Task details » Each line of data below is to be returned exactly, leaving out any picture.

Available data »
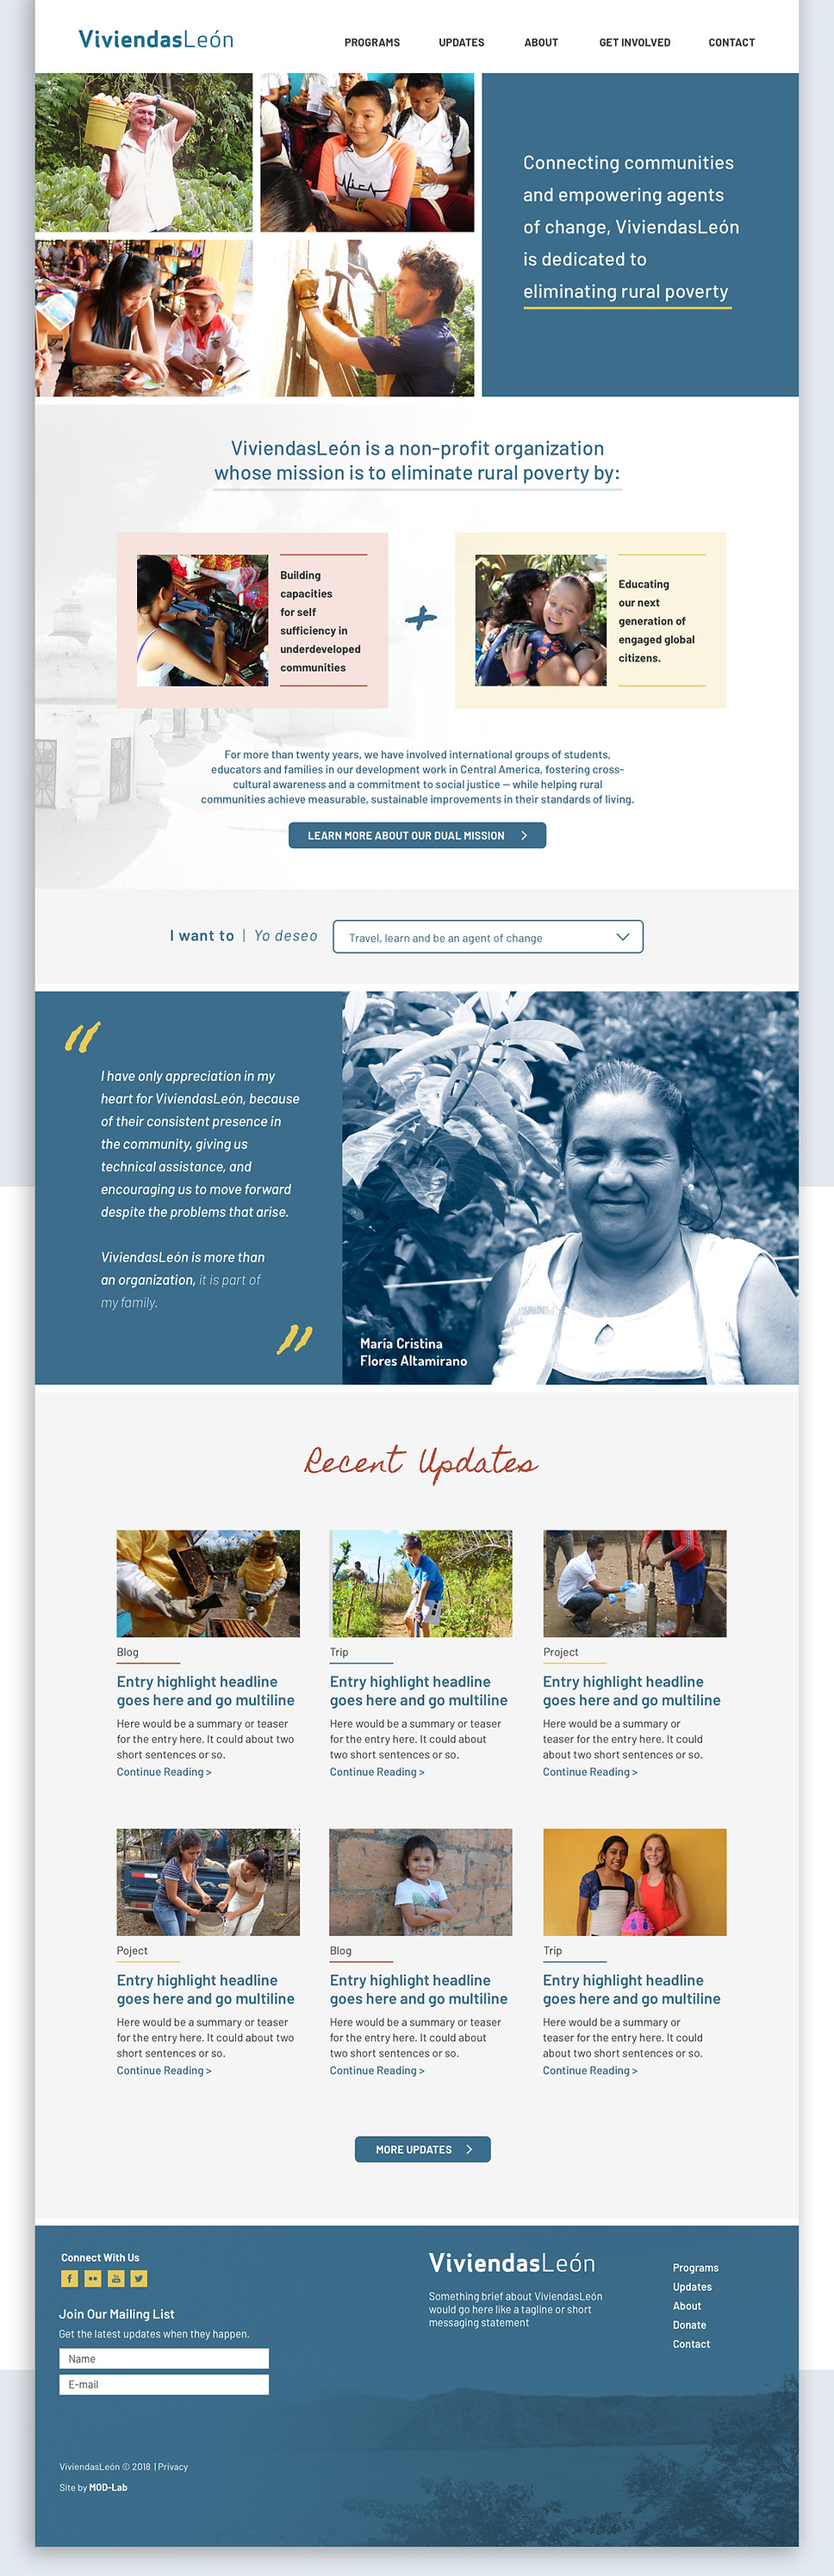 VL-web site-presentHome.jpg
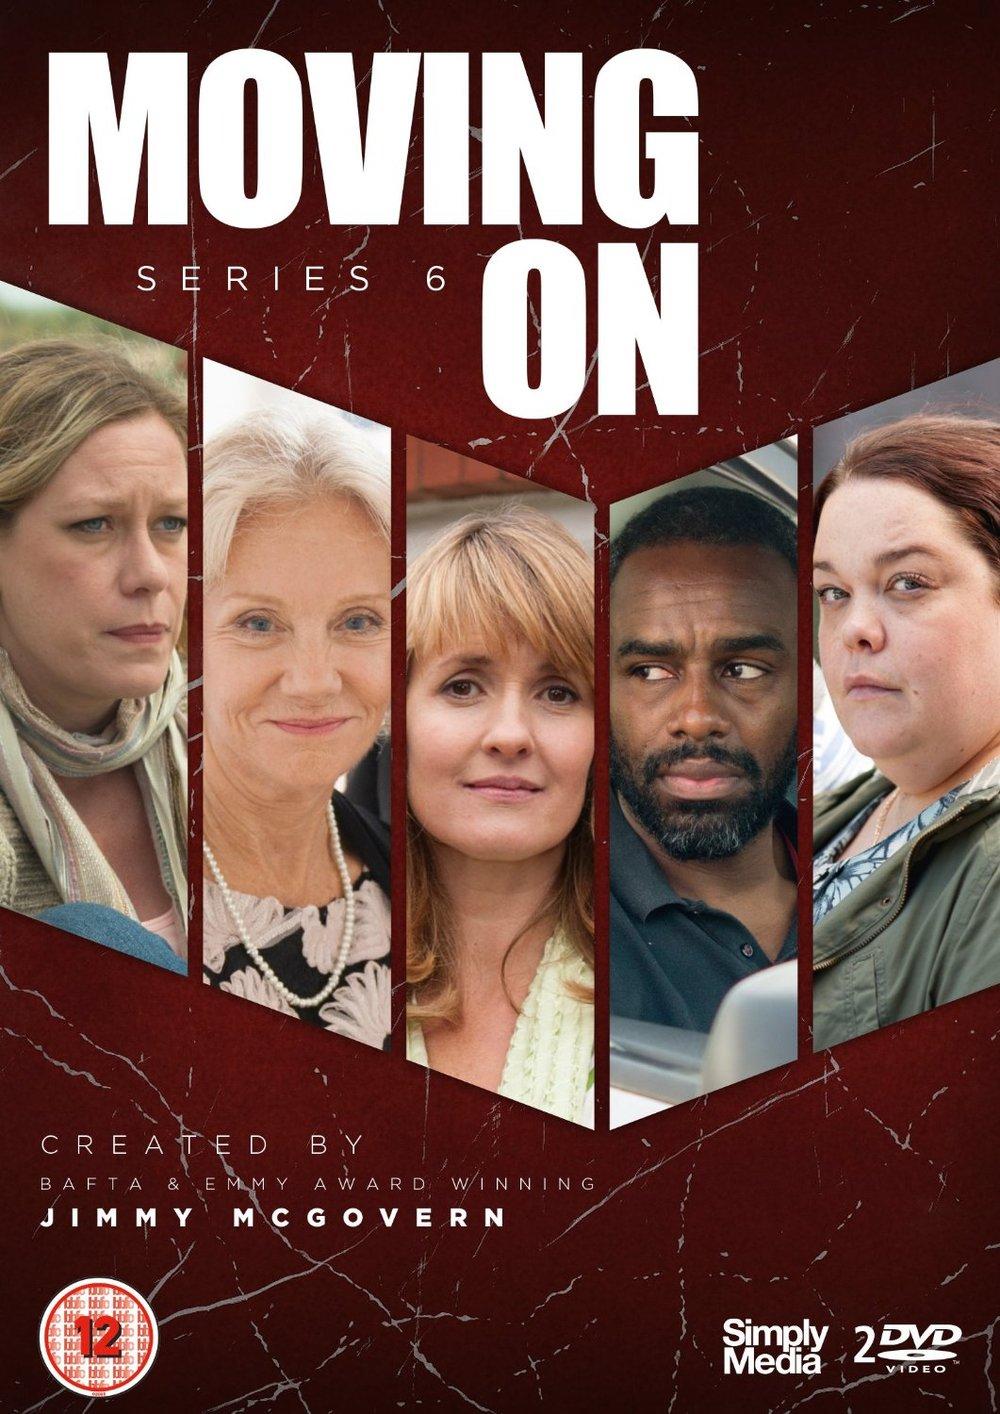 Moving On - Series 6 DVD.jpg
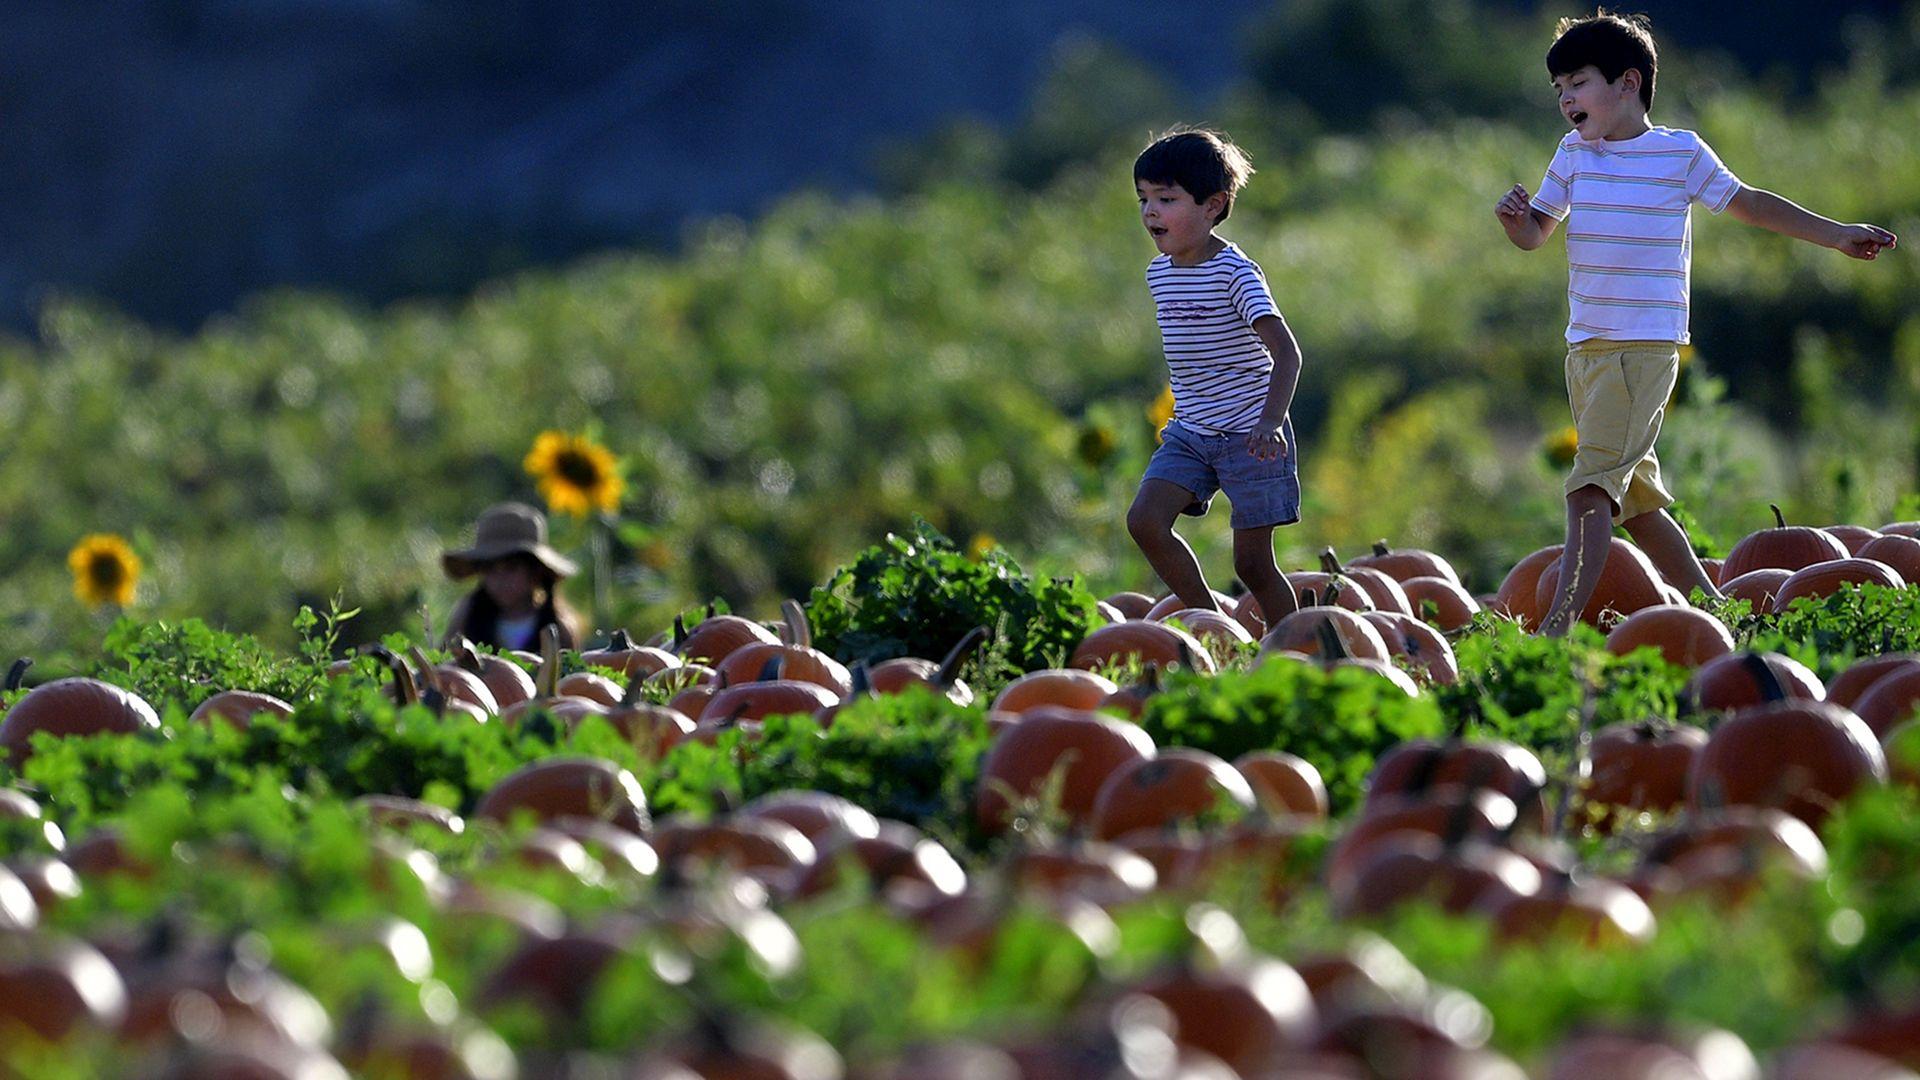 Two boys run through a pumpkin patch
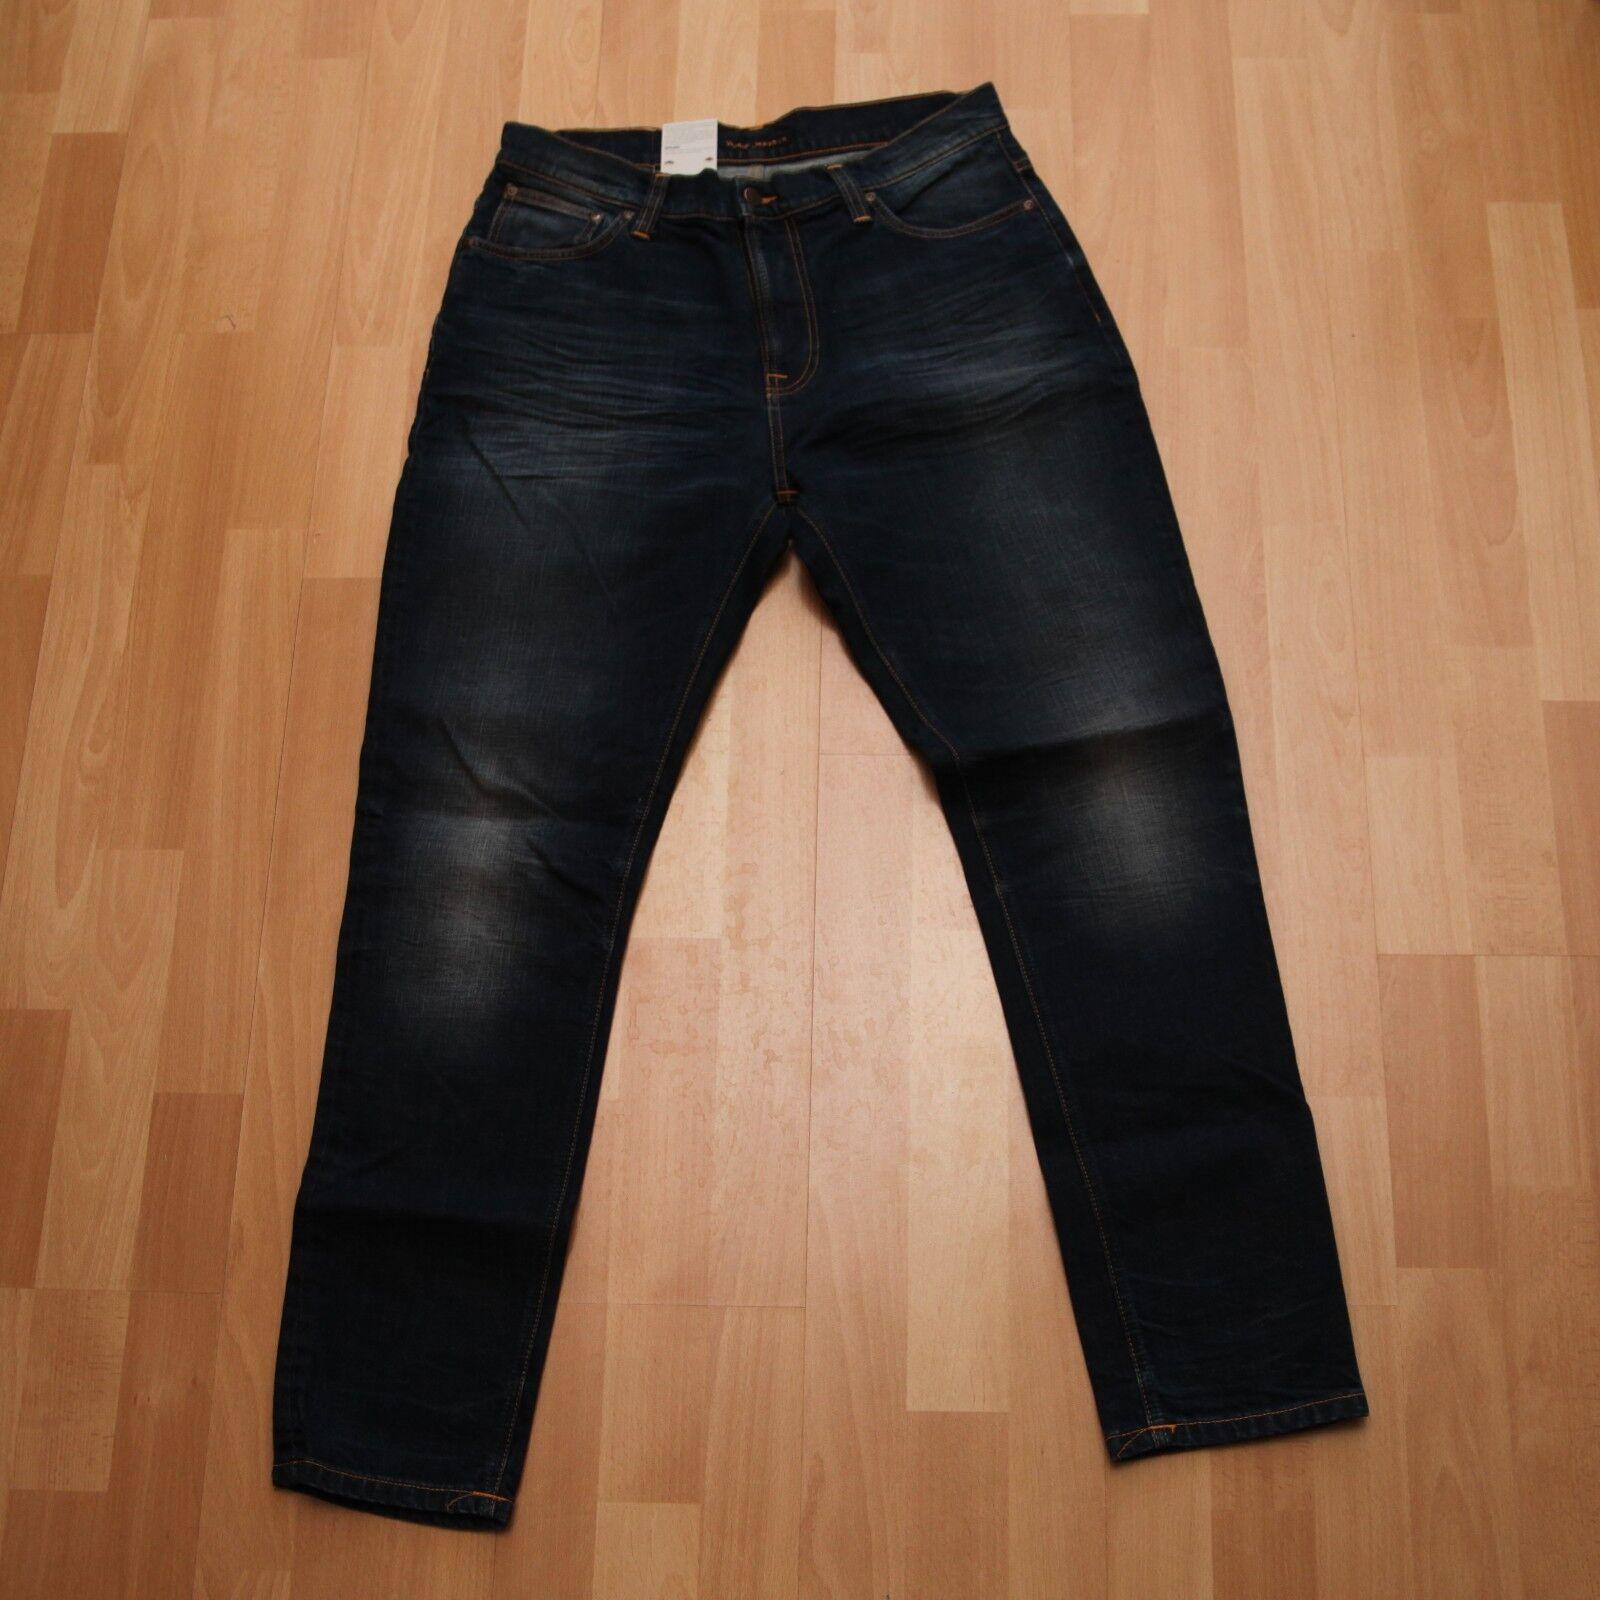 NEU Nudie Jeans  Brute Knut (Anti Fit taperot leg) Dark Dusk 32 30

Task solution »
 VL-web site-presentHome.jpg
 Moving On - Series 6 DVD.jpg
 Two boys run through a pumpkin patch
 NEU Nudie Jeans  Brute Knut (Anti Fit taperot leg) Dark Dusk 32 30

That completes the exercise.